A fine Adios review

This is the second outing from Sheffield’s Das Rad, following their excellent and highly recommended debut.  “Goodbye to the Future” might seem a darkly pessimistic title for this set; and the images of our esteemed leaders from the UK, USA, Russia and North Korea and surreal pastiches of Biblical scenes or fairy tales pasted on top of peeling wallpaper that Nick Robinson has used in his art-work suggest a bizarre dystopia.  And yet, the music that Das Rad create has the optimism of a new dawn – albeit with some sinister undertones that blur the edges of the tunes.   

Take the opener, ‘Inside Reverse’, which has a stuttering cymbal pattern over a deep, spacy bass line creating space of fuzz-drenched guitar and layered saxophone to present motifs that hang in the air and then dissolve.  Over its 11’40 this creates a groove that seems to meander in a never ending, hypnotic circle – when it ends, you immediately want to restart the journey, picking up the ways in which the distorted sounds melt into each other, so that you realise that they are never quite dissolving but mutating.  If I was to say that this create a piece of music that manages to be both relaxing and ominous, you can, perhaps, get that juxtaposition of pessimism and optimism that the band so ably and uniquely create.  

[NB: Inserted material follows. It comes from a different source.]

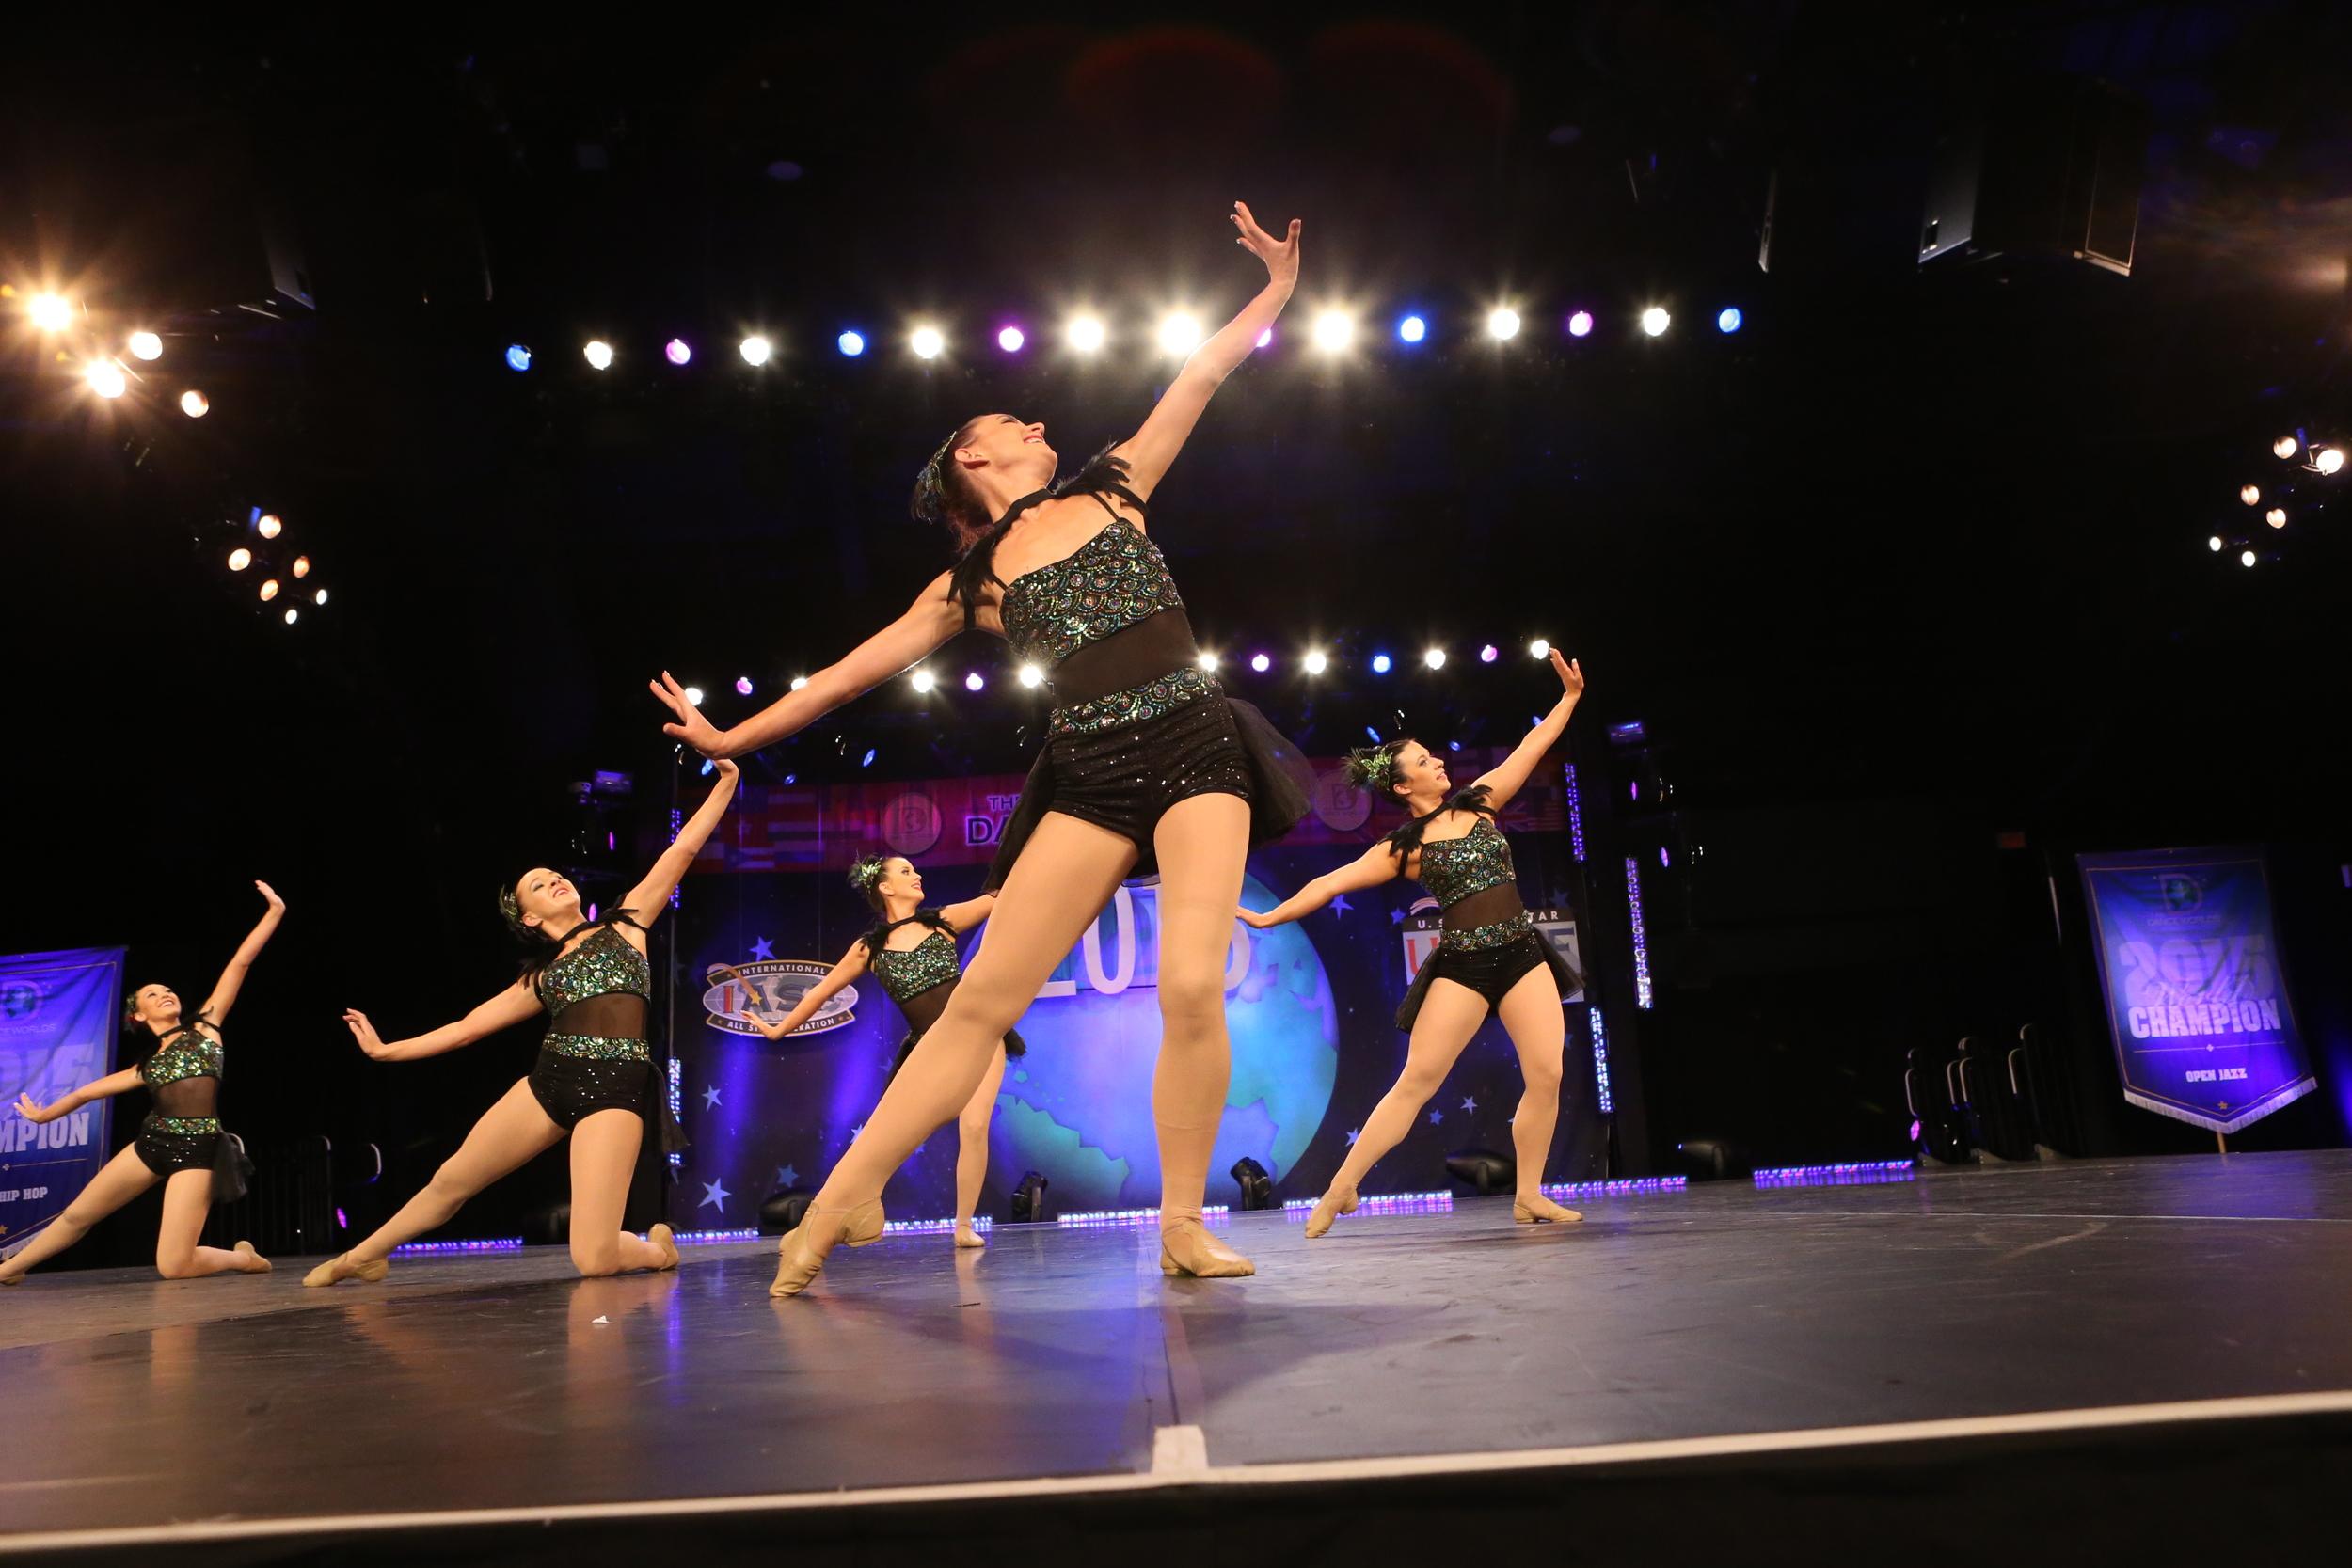 Dance World Championships USASF Mathis Dance Studios Melbourne Australia
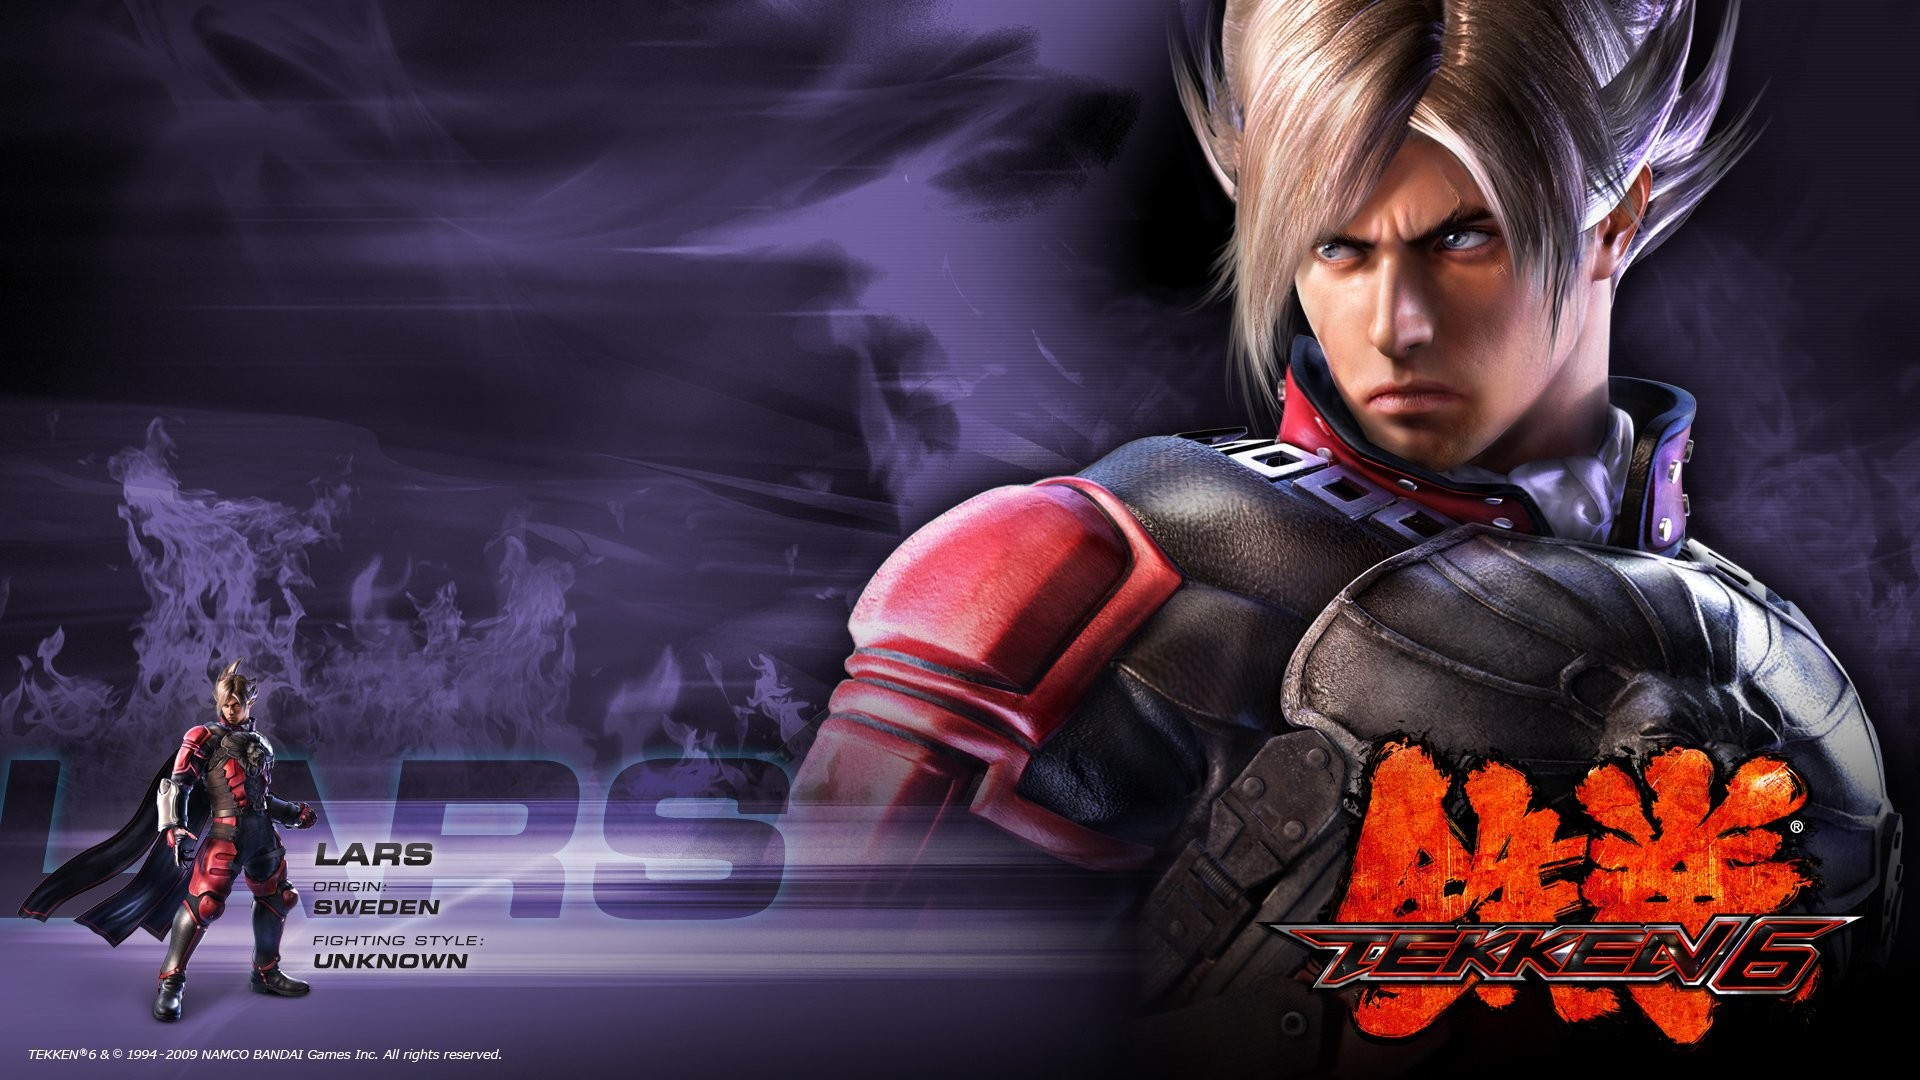 Jin Kazama Hd Wallpaper Tekken 6 Wallpapers 62 Images

Over the next two tracks that trade a more optimistic bounce (on ‘Buzz Line’) for the darkly experimental tones of ‘Deuce of Gear’ which segues neatly into the title track.  Previous reviews have pointed out the hints of Prog- and Post-Rock and kosmiche Musik.  For me, it is the way that the bass line and mixing calls to mind the classic Dub Reggae artists of the 70s and 80s that is most striking on this set, particularly the opener, the title track and the closing ‘Tiefes Blau’.  

Just as the pioneers of Dub would mix a tune to its barest essentials, often obscuring the melody of the original to leave a shuddering skeleton of bass and drums, so Das Rad lay a solid and ever entertaining rhythmic bed and pile layer upon layer of sounds from guitar and saxophones.  Just when you feel you have got a sense of their modus operandi, they throw curve-balls like ‘Eisblume’, a melancholy saxophone tune over a gently plucked acoustic guitar.  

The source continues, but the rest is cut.